Абсолютно пустую нишу. Гнев в сочетании с отчаяньем затопил моё сознание и сознание Реддла – вне всяких сомнений, это был он, и я вновь смог «подсмотреть в щёлочку», как в случае со змеёй. В голове буквально вспыхнула одна-единственная мысль: «Он пропал!», жуткий крик затопил небольшую пещеру, и всё утонуло во мраке.
Очнулся я уже в Больничном крыле с мыслью о том, как мне надоел закон жанра. Почему именно во время матча? Почему не когда я находился в спокойном состоянии, а летел навстречу неминуемой смерти? Ну, не смерти, конечно, а сломанной ключице и раздробленным костям в ладони, как минимум.
Далеко не сразу мне удаётся утихомирить собственные эмоции. Успокоившись, я оглядываюсь по сторонам и не обнаруживаю никого поблизости, даже мадам Помфри. Солнце висит низко над горизонтом, его косые оранжевые лучи стелятся по полу, вызывая у меня тяжёлый вздох. Это рассвет или закат? Надеюсь, сегодня всё ещё воскресенье, и я не лежал тут без сознания несколько суток.
Первая же попытка привстать оборачивается острой болью в груди, и я не удерживаюсь от болезненного вскрика.
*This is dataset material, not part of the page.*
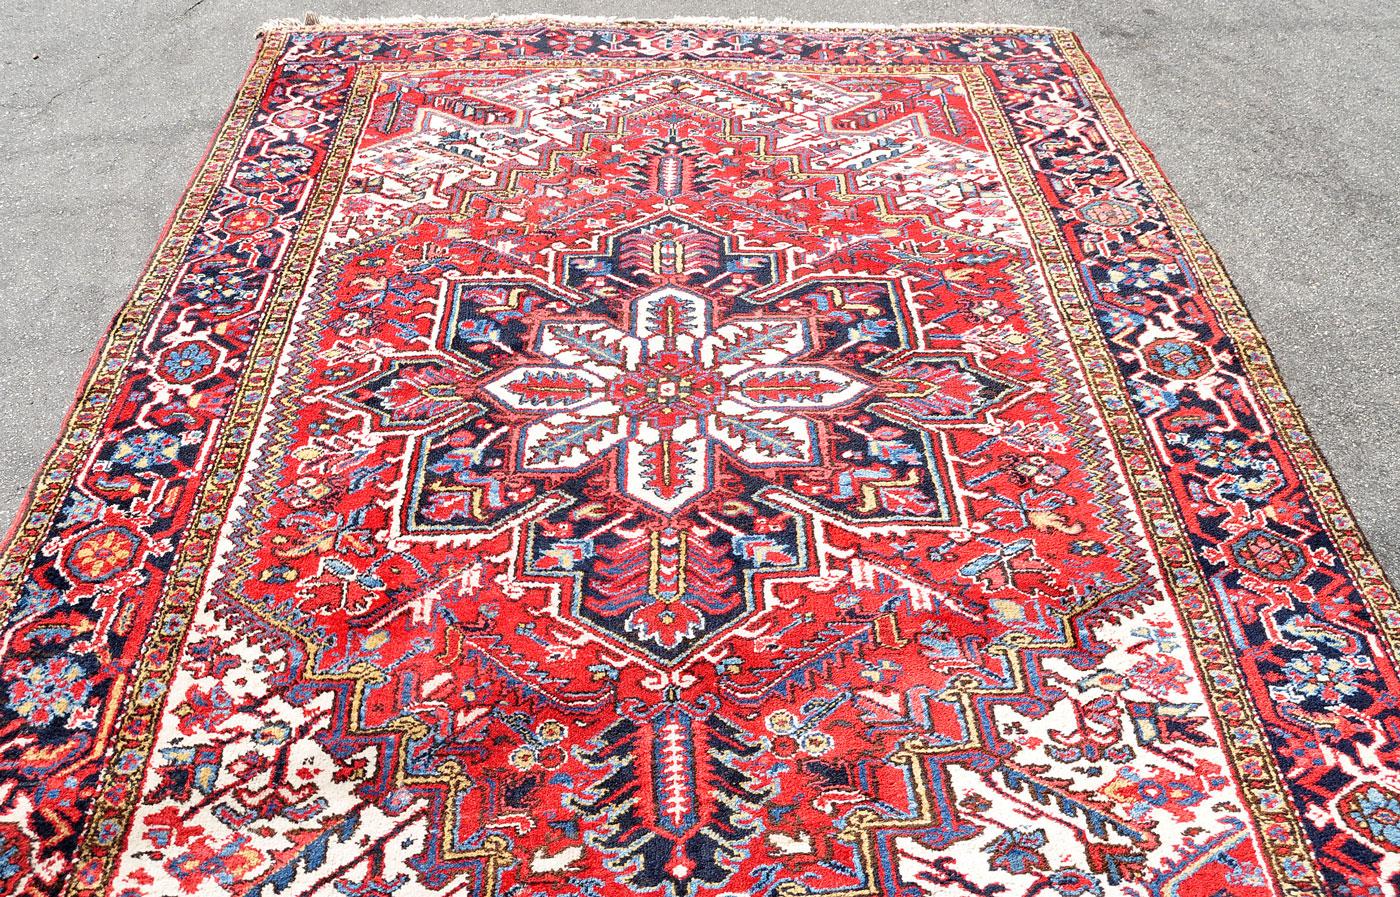 Heriz Carpet from NW Iran

Как и следовало ожидать, дверь, ведущая в кабинет мадам Помфри, тут же распахивается, демонстрируя хмурую медиведьму.
– Советую вам не двигаться, молодой человек, – строго произносит она, поправляя повязку на моём плече, поддерживающую ушибленную руку в согнутом состоянии, и добавляет, – иначе уйма зелий будет потрачена мною зря.
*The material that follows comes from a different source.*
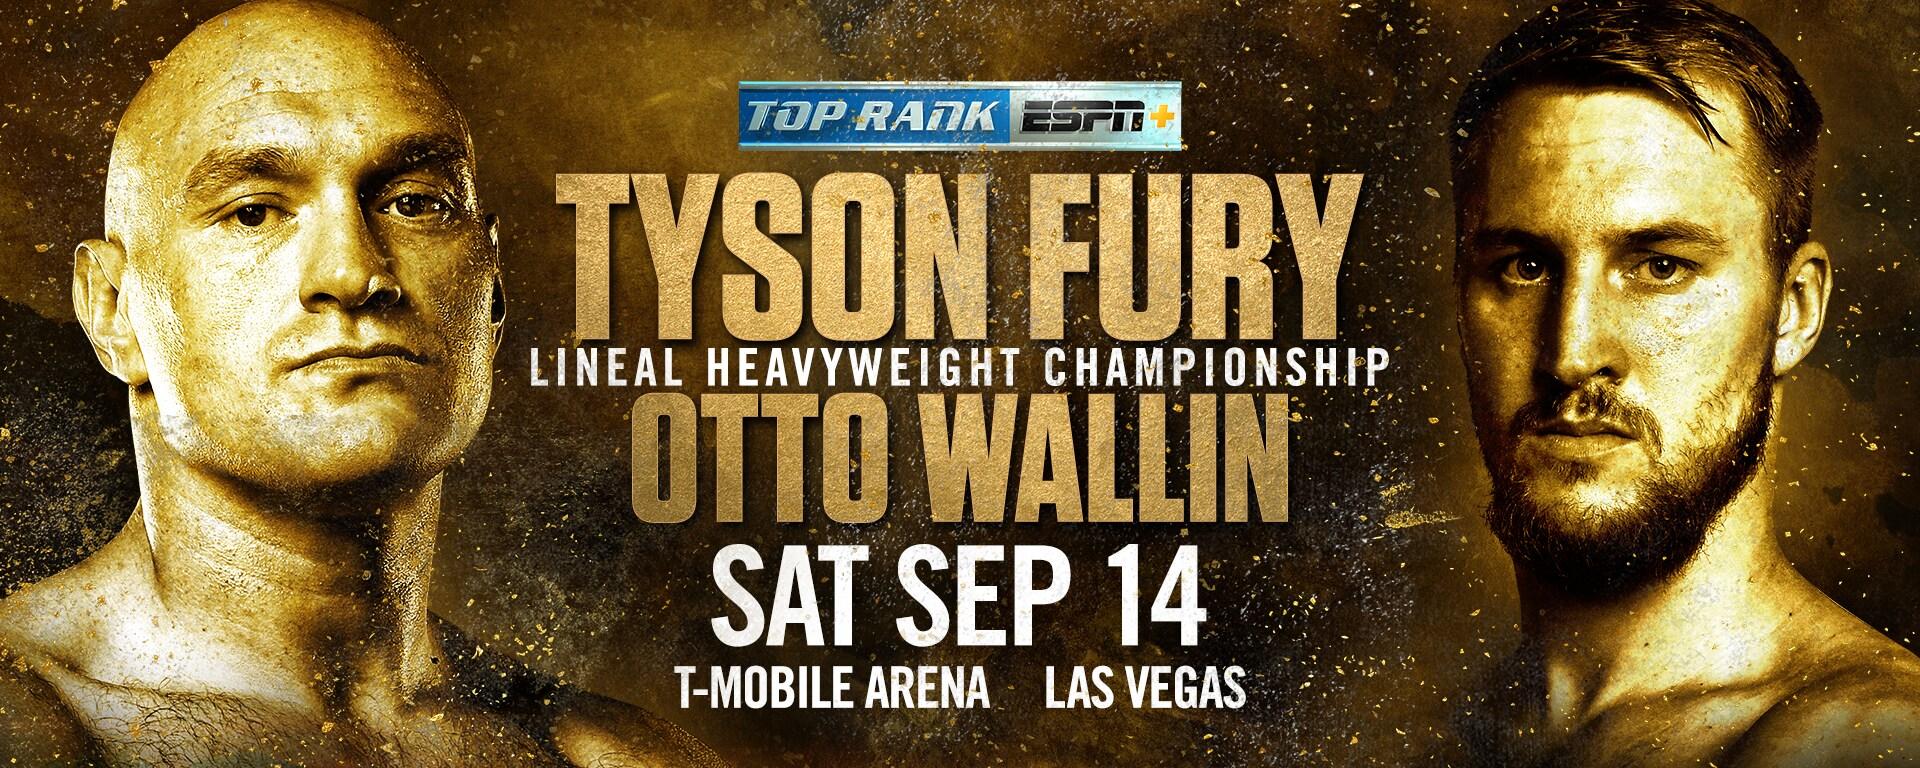 Image of Tyson Fury and Otto Wallin over Las Vegas Skyline

– Скажите, какой сегодня день недели? – едва выговариваю, прикрывая глаза, и выдыхаю в облегчении, когда слышу:
– Тот же, что был и с утра, когда вы столкнулись с трибунами во время матча по квиддичу.
Мадам Помфри говорит что-то о том, какой дурак Дамблдор, раз разрешает детям заниматься столь жестоким видом спорта, но я уже не слушаю её, а только накрываю ладонью больную руку и морально готовлюсь к самому худшему: кости срастаются очень и очень болезненно.
Ночь, кажется, тянется бесконечно и превращается в один страшный кошмар, поэтому, когда первые солнечные лучи прокрадываются в просторное помещение, я благодарю Мерлина за наступление нового дня. Это значит, что кости практически срослись, только вряд ли меня просто так отпустят.
Поглощённый нестерпимой болью в последние несколько часов, я лишь сейчас вспоминаю о причине столь печального исхода матча: Реддл узнал о пропаже кольца, а я смог это увидеть. Как и предполагал Дамблдор, он отправился в Прагу самостоятельно проверить состояние крестража. Мысли начинают крутиться в голове с сумасшедшей скоростью, выявляя причинно-следственную связь, и от возможных последствий волосы на затылке встают дыбом.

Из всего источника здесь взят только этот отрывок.